Okay, well, how about Representative Ilhan Omar? To explain away her penchant for antisemitic remarks, Chait offered a revisionist history. “Well, the party made clear those comments were unacceptable,” he insisted. “Omar apologized, and Democrats supported a Congressional resolution denouncing them. That is how a healthy party operates.” This sequence of events bears no resemblance to the historical record.

“Israel has hypnotized the world,” Omar wrote in 2012 amid a round of Israeli airstrikes on targets in Gaza in response to an attack on Israeli military patrol followed by a barrage of rocket fire toward civilian targets in Israel. The remark branding Jews as seductive, mesmeric manipulators was unsurfaced and chastised, and Omar apologized for it. “It’s all about the Benjamins, baby,” Omar later said of American lawmakers who devote themselves to “defending a foreign nation.” Once again, she was criticized, and once again, she relented. It was her third antisemitic scandal, one for which Omar steadfastly refused to apologize, that resulted in the effort to censure her.

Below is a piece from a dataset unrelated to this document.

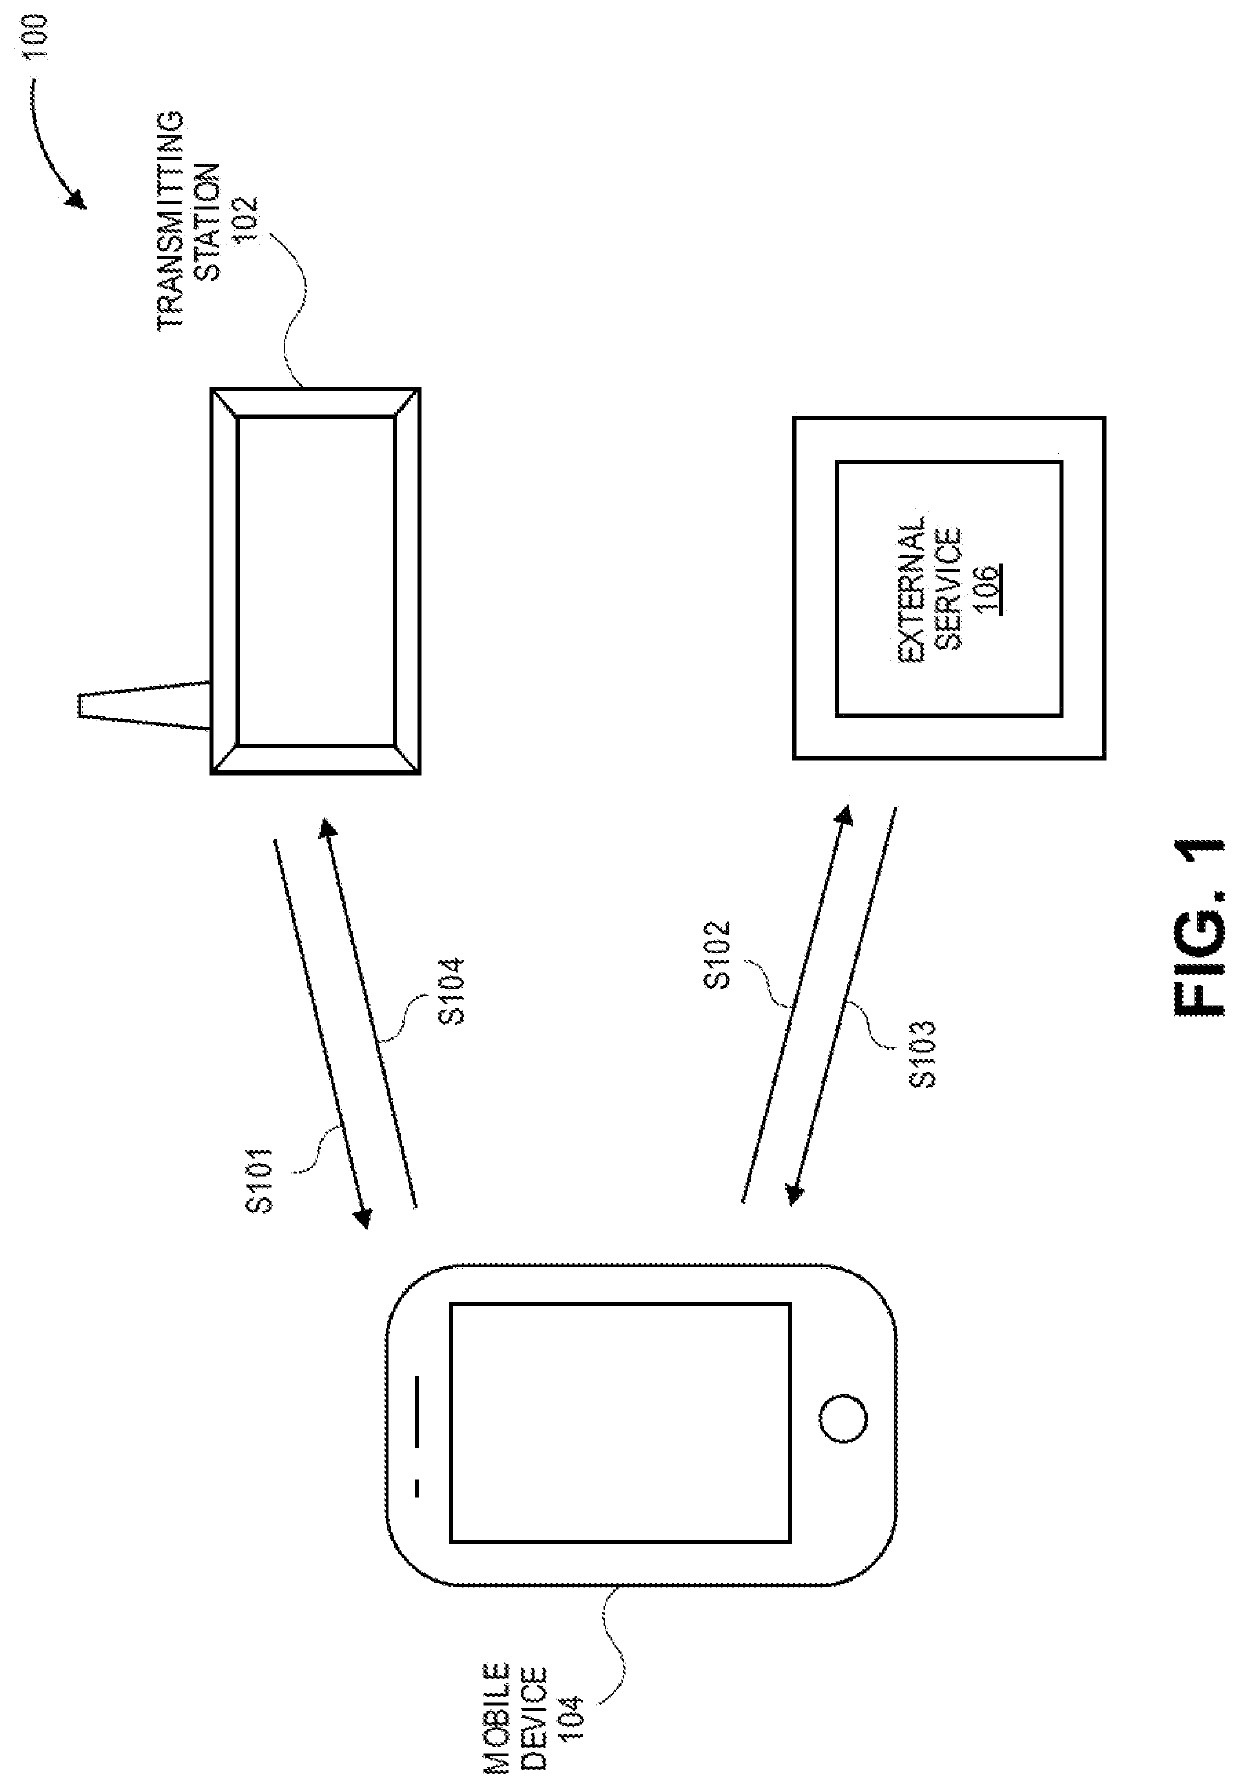 Wireless biometric authentication system and method

“I want to talk about the political influence in this country that says it is OK to push for allegiance to a foreign country,” Omar said, retailing the dual-loyalty canard. Reluctantly, Democratic House leadership attempted to pass a resolution condemning Omar’s remark, but that enterprise failed. A revolt among members of the House Progressive and Congressional Black Caucuses scuttled the initiative. In the end, the only resolution the Democrat-led House could endorse was a watery document that failed to name Omar and managed only to condemn hate in all its forms. As progressives know full well, assuming they meant one word of the lectures to which they committed the country at the height of the Black Lives Matter movement, adulterating condemnations of the specific hate that produced the moment we’re in by introducing a variety of competing hates into the discussion all but condones that bigotry.

The American Right has an antisemitism problem, too, of course. No one who was the recipient of gas chamber memes in 2016 or who today watches the New Right’s professionally transgressive activists popularize Medieval blood libels would deny it. But the antisemitism in the Left’s ranks most certainly does present a challenge to responsible Democrats. As long as the party can rely on its partisans to paper over that problem, Democrats can go on pretending as though it doesn’t exist. And it will get worse.